You are not logged in.
Pages: 1
Hi forum,
I'm running a home-made 802.3 ethernet bridge application based on a combination of modified wlan_mac_high_ibss and wlan_mac_low_nomac (originally discussed in this forum thread). Overall, this bridge application works fine but I've recently discovered an issue with 'quick' transmissions.
At the SRC board, 5 fixed sized 100-byte UDP packets from a PC are received on the ethernet interface and transmitted verbatim over the air (coax). At a second board, DST, these 5 radio transmissions are received and transmitted out its ethernet interface to a destination PC.
I've observed that when these UDP packets arrive 'quickly' at SRC, then I have less than 5 packets received at the destination PC. If I slow the UDP inter-packet time down at the source PC, from e.g., 100us to 400us, then all 5 packets are received OK. Now, if I increase the UDP packet size from, say, 100 bytes to 200 bytes, then I have losses again.

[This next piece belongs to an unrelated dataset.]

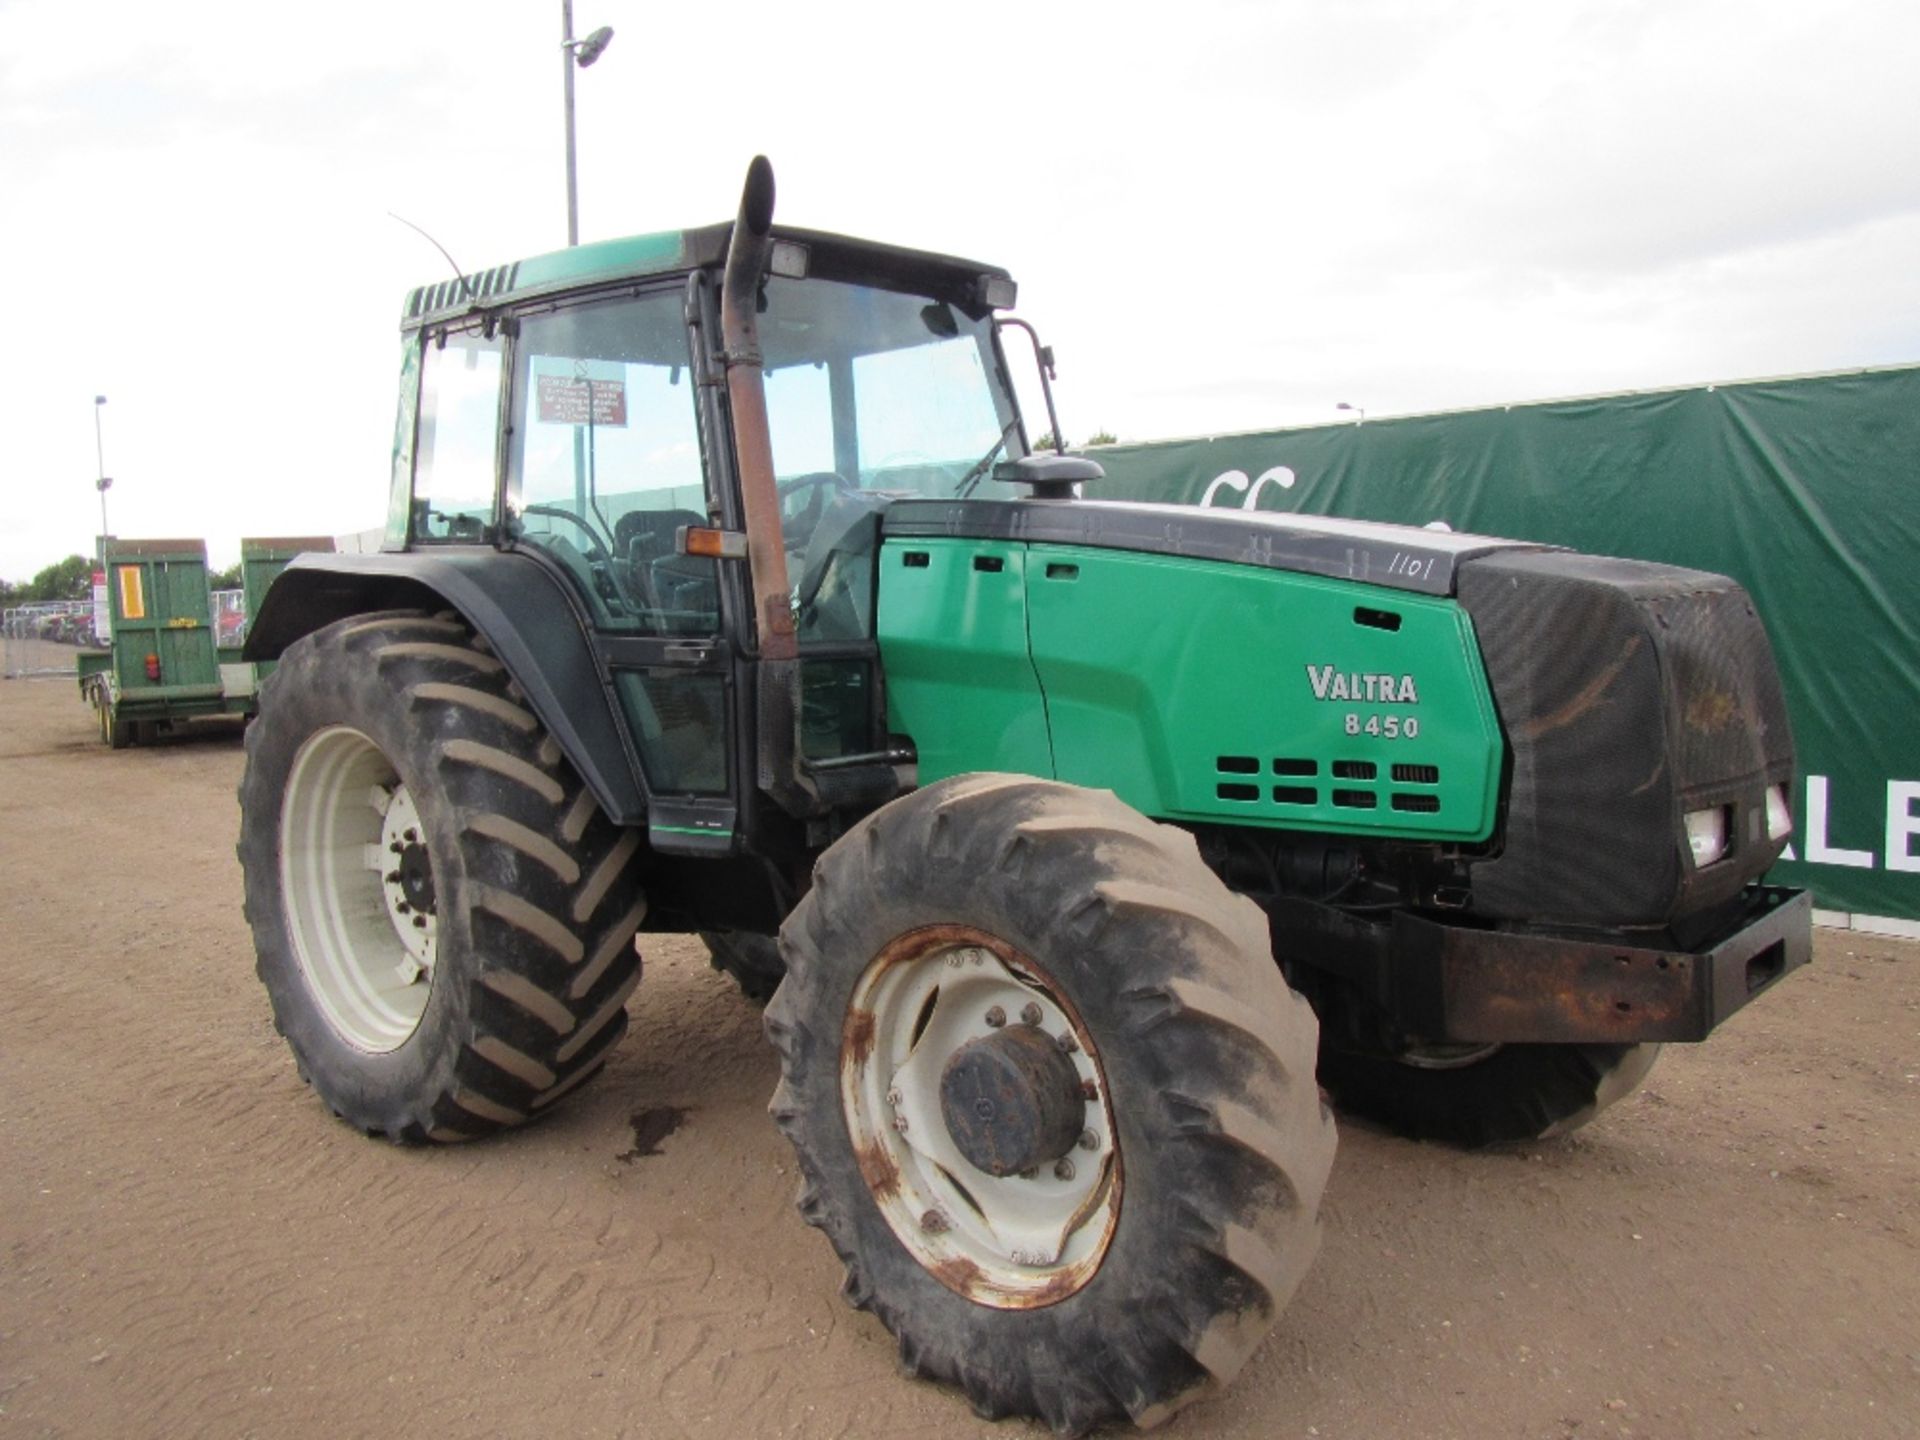 Valtra 8450 4wd 150hp Tractor Reg. No. P461 HVN Ser No G07329 - Image 3 of 16

And again, if I increase the inter-packet times once more from 400us to 600us, then again all packets are received [N.B.: these byte and usec times are examples and serve only to illustrate].
My conclusion from this observation is that at the transmitter board SRC, wired ethernet packets are "bumping" into previous packets which are in mid-radio transmission. Packet A arrives on ethernet and is being transmitted out the radio. As it is in mid transmission, packet B arrives and "collides" with the outgoing A.
The code snippet where I do this transmission is:
queue_sel = MANAGEMENT_QID; if((qlen = queue_num_queued(queue_sel)) < MAX_TX_QUEUE_LEN){ // Put the packet in the queue enqueue_after_tail(queue_sel, curr_tx_queue_element_p); } else { // Packet was not successfully enqueued xil_printf("Exceed qlen: %d\n", qlen); return 0; }
I've tried different queues (other than MANAGEMENT_QID) but that doesn't help. I also never see the printf() message so I'm not exceeding the queue length with my 5 UDP packets.
I suspect that the problem is the enqueue_after_tail() function is not blocking. It effectively copies the packet for CPU low transmission and returns. It could potentially be called again quickly and repeat this copying - while CPU low hasn't transmitted the first packet.
Ideally, I'd like to call something like:
while (wlan_mac_get_status() & WLAN_MAC_STATUS_MASK_TX_PHY_ACTIVE) {}
either immediately before or after enqueue_after_tail() to block subsequent transmission attempts, but this function (from wlan_mac_nomac.c) is not available to CPU high.
Would anyone have any idea if my interpretation/conclusions are correct? Is there a mechanism in place to send occasional back-to-back received ethernet frames out the radio with the NOMAC application?
--vick
Offline
I think the possible explanations come down to a few things:
1) That the packets aren't actually being emitted from your PC at the rate you expect. You can rule this in or out by having your PC run Wireshark on its Ethernet interface to make sure that you actually see every expected transmission.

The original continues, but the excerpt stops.